Microplastics zijn kleine plastic deeltjes variërend van 1 μm tot 5 mm en zijn tegenwoordig overal te vinden. In ons voedsel, in onze verzorgingsproducten, in de lucht en in ons eigen lichaam. Ze komen onder meer in het milieu terecht doordat grotere plastic stukken langzaam afbreken, maar ook door de uitstoot van textielvezels en het gebruik van plastic in cosmetica. Dat is niet alleen slecht voor onze eigen gezondheid en die van de planeet: er kan ook veel kennis over vroegere culturen verloren gaan, blijkt nu uit nieuw onderzoek.

De kleine plastic deeltjes kunnen namelijk de chemie van de bodem veranderen en daardoor organisch materiaal aantasten, waardoor de archeologische overblijfselen in gevaar kunnen komen. Dat concluderen onderzoekers van universiteiten van York en Hull nadat ze bodemmonsters onderzochten die in 1988 werden genomen op archeologische vindplaatsen bij het Queens Hotel en de Wellington Row in York. In de studie werden 16 verschillende soorten microplastic-polymeer aangetroffen in zowel hedendaagse als gearchiveerde monsters.

Bodemchemie
De aanwezigheid van microplastics in de bodem is zorgwekkend, vinden de archeologen. De best bewaarde archeologische vindplaatsen, zoals de Viking-vondsten in Coppergate, bevinden zich bijvoorbeeld al eeuwenlang in een stabiele omgeving waardoor organisch materiaal goed bewaard is gebleven. Als er microplastics in deze omgeving zijn, dan kan dat ervoor zorgen dat het organisch materiaal nu wel vergaat, vertelt David Jennings, de CEO van York Archaeology. “De aanwezigheid van microplastics kan en zal de chemie van de bodem veranderen, waardoor mogelijk elementen worden geïntroduceerd die ervoor zorgen dat de organische resten gaan rotten. Microplastics kunnen daarmee de wetenschappelijke waarde van archeologische vindplaatsen in gevaar brengen.”

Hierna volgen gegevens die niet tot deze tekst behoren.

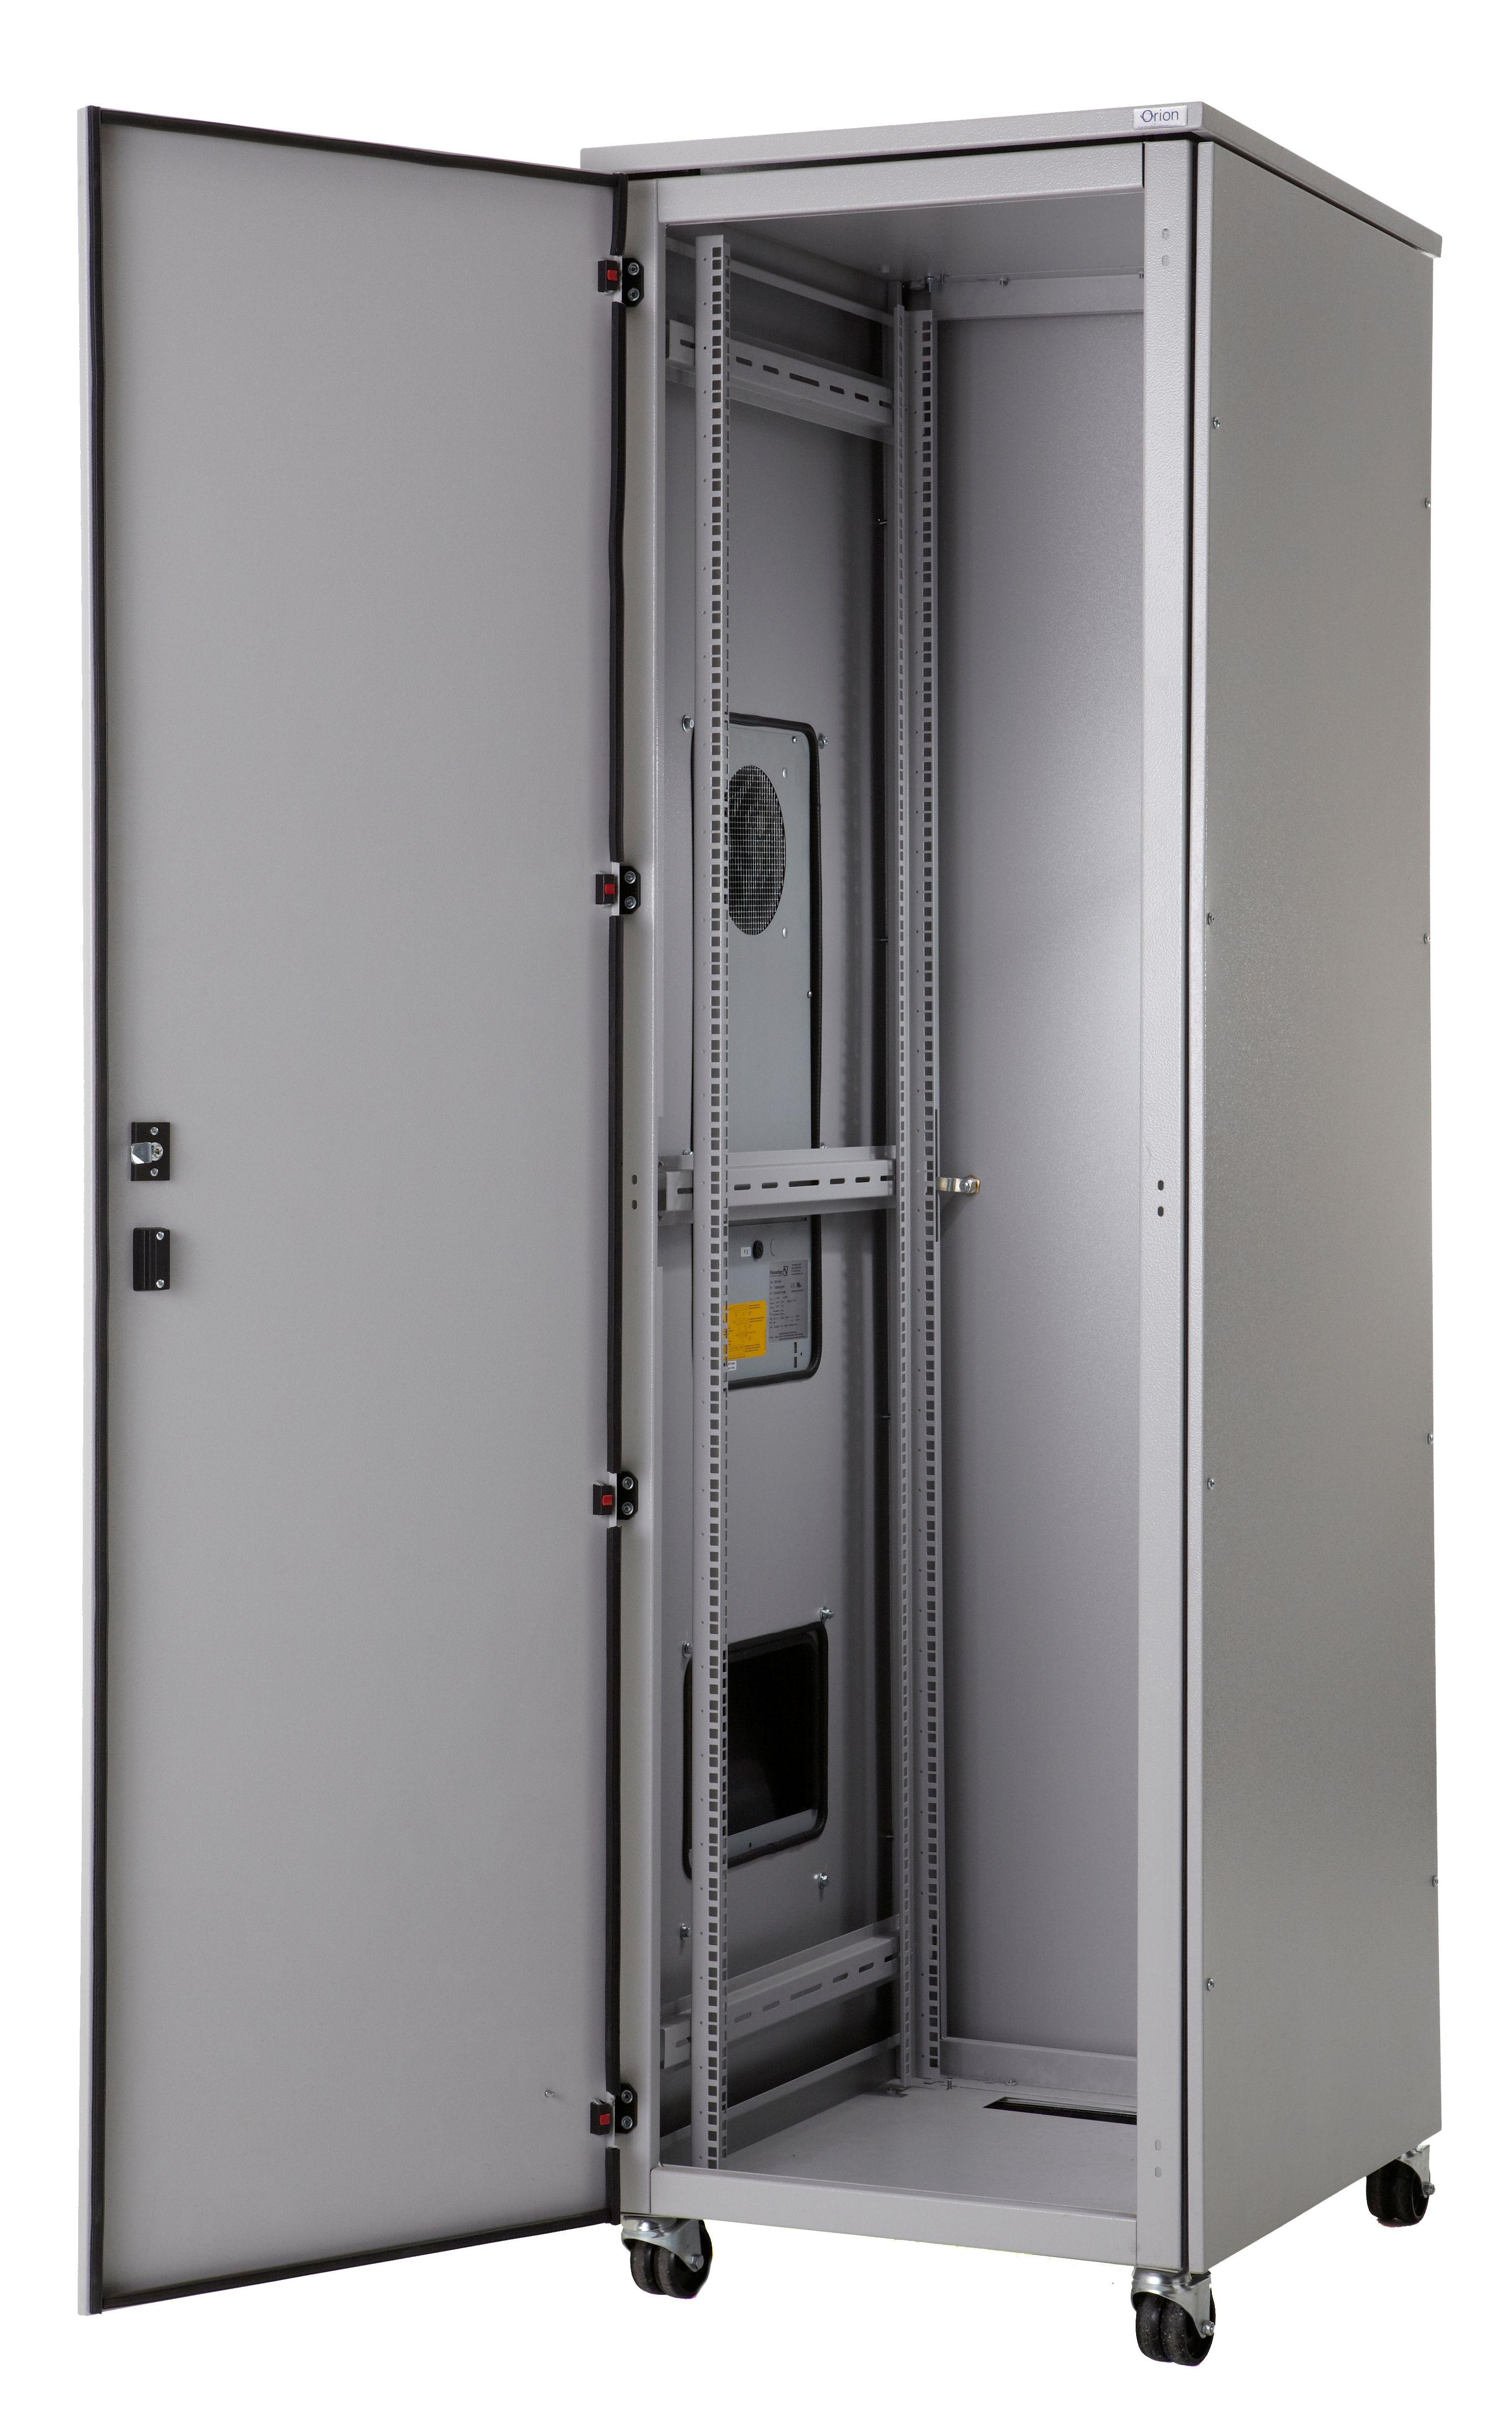 Tremendous Air Conditioned Server Cabinet Open Door Orion Rack Interior Design Ideas Gentotthenellocom

Microplastics in de jaren ’80
Dat ook zo diep in de grond microplastics aanwezig zijn, komt niet helemaal als een verrassing, vertelt professor John Schofield van de afdeling Archeologie van de Universiteit van York. “Dit bevestigt wat we hadden moeten verwachten: dat de archeologische vindplaatsen die voorheen werden beschouwd als ongerept en rijp voor onderzoek, in feite vervuild zijn met plastic.” Toch is het opvallend dat de deeltjes zijn aangetroffen in monsters die al in de jaren ‘80 zijn afgenomen. “Wij beschouwen microplastics als een zeer modern fenomeen omdat we er pas de afgelopen twintig jaar echt over hebben gehoord”, aldus Jennings. “Eigenlijk pas toen professor Richard Thompson in 2004 onthulde dat ze wijdverbreid zijn in onze zeeën. We zijn dus wel bekend met plastics in de oceanen en rivieren, maar zien nu pas dat ook ons historisch erfgoed giftige elementen bevat.”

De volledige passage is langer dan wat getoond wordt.